My snappy line to answer the question about the sap is to use an oak tree but in your case ( and I never thought about it before til you mentioned it) I would probably just hang myself. Sorry bro, yer screwed. That just to much sap for me I gotta say.
I would probably use more false crotches and tyvek suits... and get some drugs
I also never would have thought FLA would have so many white pines.


----------



## tree md (Mar 30, 2010)

GA is full of White Pines. I've probably climbed more Pines than any other tree species of tree. They are few and far between where I now live so I don't have to deal with the sap as much. I just climbed and dealt with the sap back then. I'd wash my ropes periodically but it didn't seem to do much about the sap. As has been mentioned, climbing another tree will rub the sap off. I'd use straight gas to clean my hands.

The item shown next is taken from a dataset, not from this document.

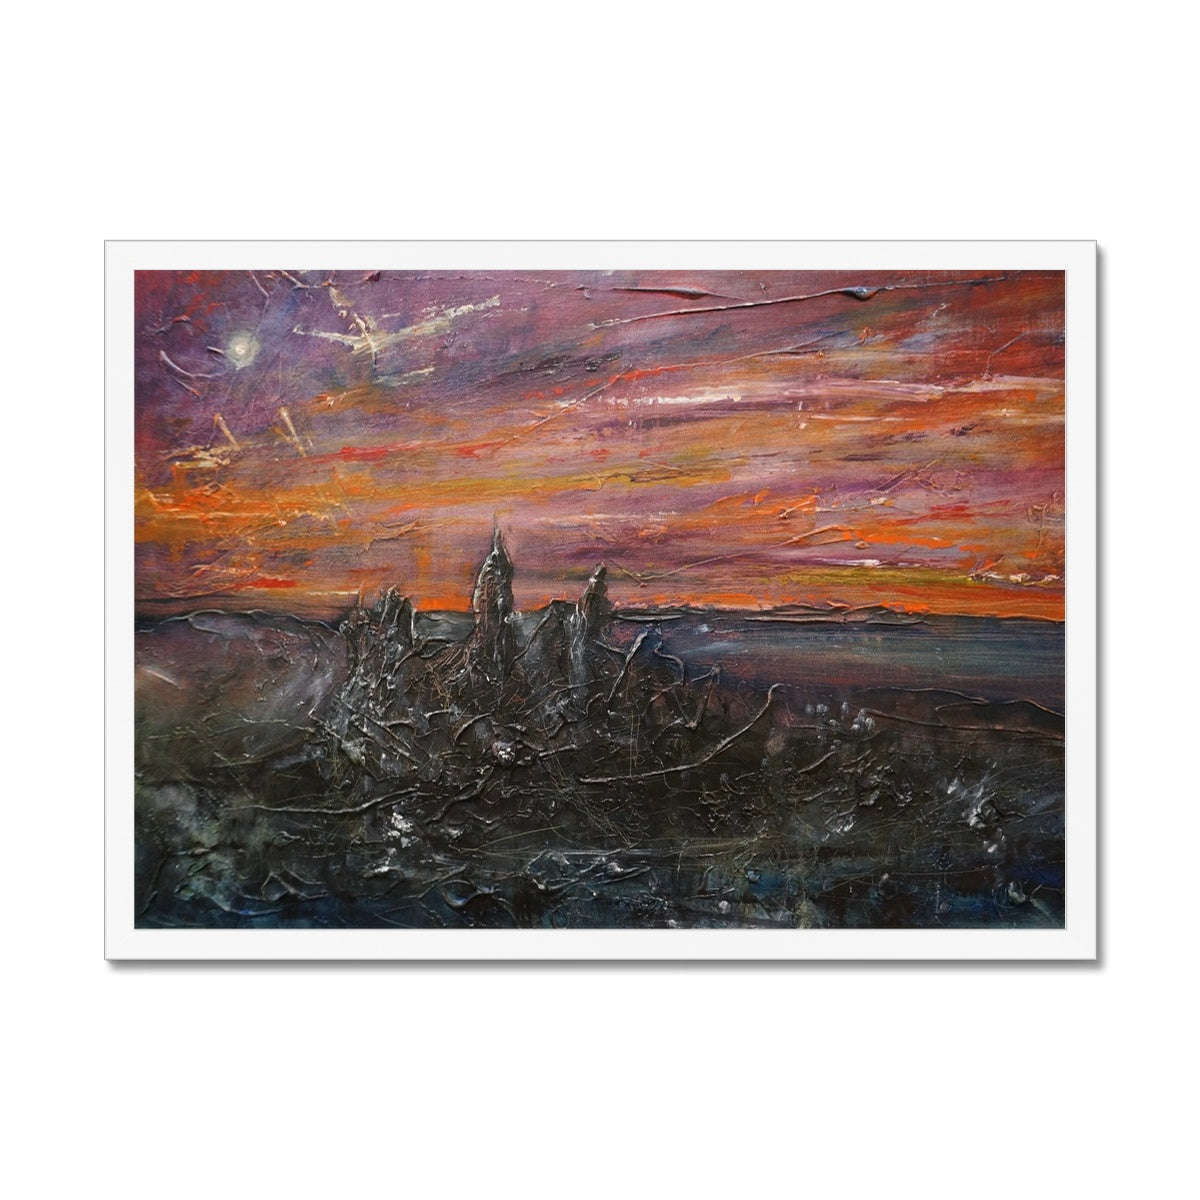 Storr Moonlight Skye Painting | Framed Prints From Scotland-Framed Prints-Skye Art Gallery-A2 Landscape-White Frame-Paintings, Prints, Homeware, Art Gifts From Scotland By Scottish Artist Kevin Hunter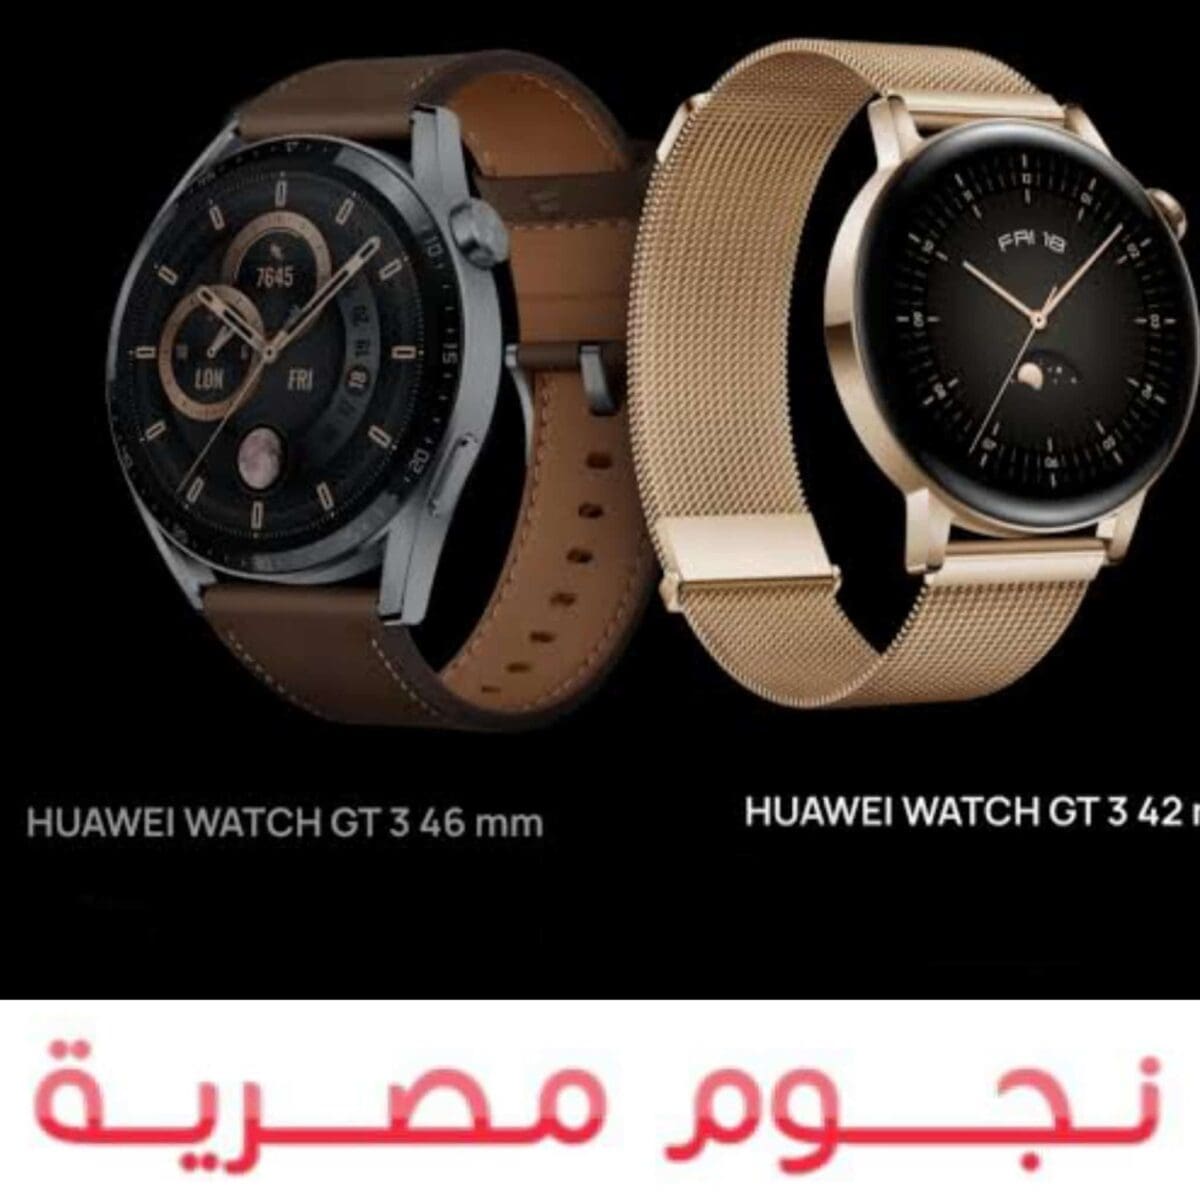 Huawei gt 3 характеристика. Huawei watch gt 3. Часы Huawei gt3. Huawei watch gt 3 Elite. Huawei watch gt 3 Active.

Nothing really works for your hair but scissors. Good incentive to wear your hard hat. I would not advise putting WD40 or any other petroleum based product on your ropes unless you want to die. Petroleum based products weaken rope. 

Now days I have a secondary climbing line that I use for sappy or muddy conditions. I try to spare my primary climbing line.


----------



## 2FatGuys (Mar 30, 2010)

When my ropes get too sappy to work efficiently, I just flake them into a bathtub or washtub full of warm water (not hot!) and woolite. I let it sit for a day or two, agitating it occasionally. It seems to clean the ropes up well and doesn't affect the fibers.


----------



## moray (Mar 30, 2010)

This has come up several times before. Use acetone. You can find it in the hardware store. It won't damage plastic ropes and it definitely cuts the sap. I have used it for years with no evident problems, and I have soaked both nylon and polyester fibers in it for 10 straight days with no evidence of any effect. 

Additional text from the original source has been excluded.